-- TASK INSTRUCTIONS --
Set down, please, exactly the lines below that run from the line with "淘宝头层牛皮男士商务皮鞋详情页描述图模板" to the line with "REM dates__new_Dec 21", both lines included.

-- DATASET RECORDS --
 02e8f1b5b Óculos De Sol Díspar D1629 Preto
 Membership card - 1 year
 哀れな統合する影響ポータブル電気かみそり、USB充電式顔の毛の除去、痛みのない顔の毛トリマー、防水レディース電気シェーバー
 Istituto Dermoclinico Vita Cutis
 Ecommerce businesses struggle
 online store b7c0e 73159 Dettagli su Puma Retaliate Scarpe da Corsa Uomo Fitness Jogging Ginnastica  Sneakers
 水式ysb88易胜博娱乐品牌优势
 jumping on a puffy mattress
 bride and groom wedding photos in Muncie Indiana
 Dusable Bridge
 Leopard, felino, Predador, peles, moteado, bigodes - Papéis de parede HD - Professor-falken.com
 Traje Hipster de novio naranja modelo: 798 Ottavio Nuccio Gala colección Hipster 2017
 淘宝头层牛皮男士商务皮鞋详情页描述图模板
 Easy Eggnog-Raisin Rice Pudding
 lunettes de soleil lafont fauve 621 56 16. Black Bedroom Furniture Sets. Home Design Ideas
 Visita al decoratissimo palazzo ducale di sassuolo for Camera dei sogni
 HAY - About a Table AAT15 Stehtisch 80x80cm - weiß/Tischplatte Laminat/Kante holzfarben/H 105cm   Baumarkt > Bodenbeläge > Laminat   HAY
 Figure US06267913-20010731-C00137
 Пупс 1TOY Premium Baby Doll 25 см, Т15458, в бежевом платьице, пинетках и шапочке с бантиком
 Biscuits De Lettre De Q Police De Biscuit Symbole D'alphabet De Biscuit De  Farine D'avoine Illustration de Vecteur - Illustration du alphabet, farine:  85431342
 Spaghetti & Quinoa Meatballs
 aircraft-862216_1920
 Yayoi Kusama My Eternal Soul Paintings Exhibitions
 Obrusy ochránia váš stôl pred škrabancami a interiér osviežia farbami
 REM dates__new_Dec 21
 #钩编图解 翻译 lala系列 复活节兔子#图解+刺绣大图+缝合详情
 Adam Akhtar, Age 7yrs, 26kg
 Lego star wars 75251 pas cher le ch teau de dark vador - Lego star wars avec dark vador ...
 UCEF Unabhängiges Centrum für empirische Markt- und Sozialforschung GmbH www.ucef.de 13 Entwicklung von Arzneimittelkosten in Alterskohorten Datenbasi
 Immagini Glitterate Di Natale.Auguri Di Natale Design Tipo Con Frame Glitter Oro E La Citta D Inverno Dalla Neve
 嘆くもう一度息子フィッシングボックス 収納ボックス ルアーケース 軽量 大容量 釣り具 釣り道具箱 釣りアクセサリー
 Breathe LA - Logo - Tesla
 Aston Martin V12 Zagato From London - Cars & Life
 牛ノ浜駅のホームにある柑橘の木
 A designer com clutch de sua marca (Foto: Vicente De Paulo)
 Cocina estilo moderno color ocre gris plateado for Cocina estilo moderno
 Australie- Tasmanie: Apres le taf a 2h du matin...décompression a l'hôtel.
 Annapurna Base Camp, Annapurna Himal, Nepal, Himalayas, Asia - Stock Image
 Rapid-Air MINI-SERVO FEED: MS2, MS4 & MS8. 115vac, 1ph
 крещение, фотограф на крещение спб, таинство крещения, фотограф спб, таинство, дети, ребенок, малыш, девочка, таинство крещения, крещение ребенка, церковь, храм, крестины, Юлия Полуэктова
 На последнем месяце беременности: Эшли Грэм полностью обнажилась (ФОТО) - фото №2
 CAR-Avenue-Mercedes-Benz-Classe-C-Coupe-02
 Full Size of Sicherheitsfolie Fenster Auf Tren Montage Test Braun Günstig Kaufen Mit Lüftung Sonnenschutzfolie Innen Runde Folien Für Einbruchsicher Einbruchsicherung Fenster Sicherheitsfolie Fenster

-- YOUR SOLUTION --
 淘宝头层牛皮男士商务皮鞋详情页描述图模板
 Easy Eggnog-Raisin Rice Pudding
 lunettes de soleil lafont fauve 621 56 16. Black Bedroom Furniture Sets. Home Design Ideas
 Visita al decoratissimo palazzo ducale di sassuolo for Camera dei sogni
 HAY - About a Table AAT15 Stehtisch 80x80cm - weiß/Tischplatte Laminat/Kante holzfarben/H 105cm   Baumarkt > Bodenbeläge > Laminat   HAY
 Figure US06267913-20010731-C00137
 Пупс 1TOY Premium Baby Doll 25 см, Т15458, в бежевом платьице, пинетках и шапочке с бантиком
 Biscuits De Lettre De Q Police De Biscuit Symbole D'alphabet De Biscuit De  Farine D'avoine Illustration de Vecteur - Illustration du alphabet, farine:  85431342
 Spaghetti & Quinoa Meatballs
 aircraft-862216_1920
 Yayoi Kusama My Eternal Soul Paintings Exhibitions
 Obrusy ochránia váš stôl pred škrabancami a interiér osviežia farbami
 REM dates__new_Dec 21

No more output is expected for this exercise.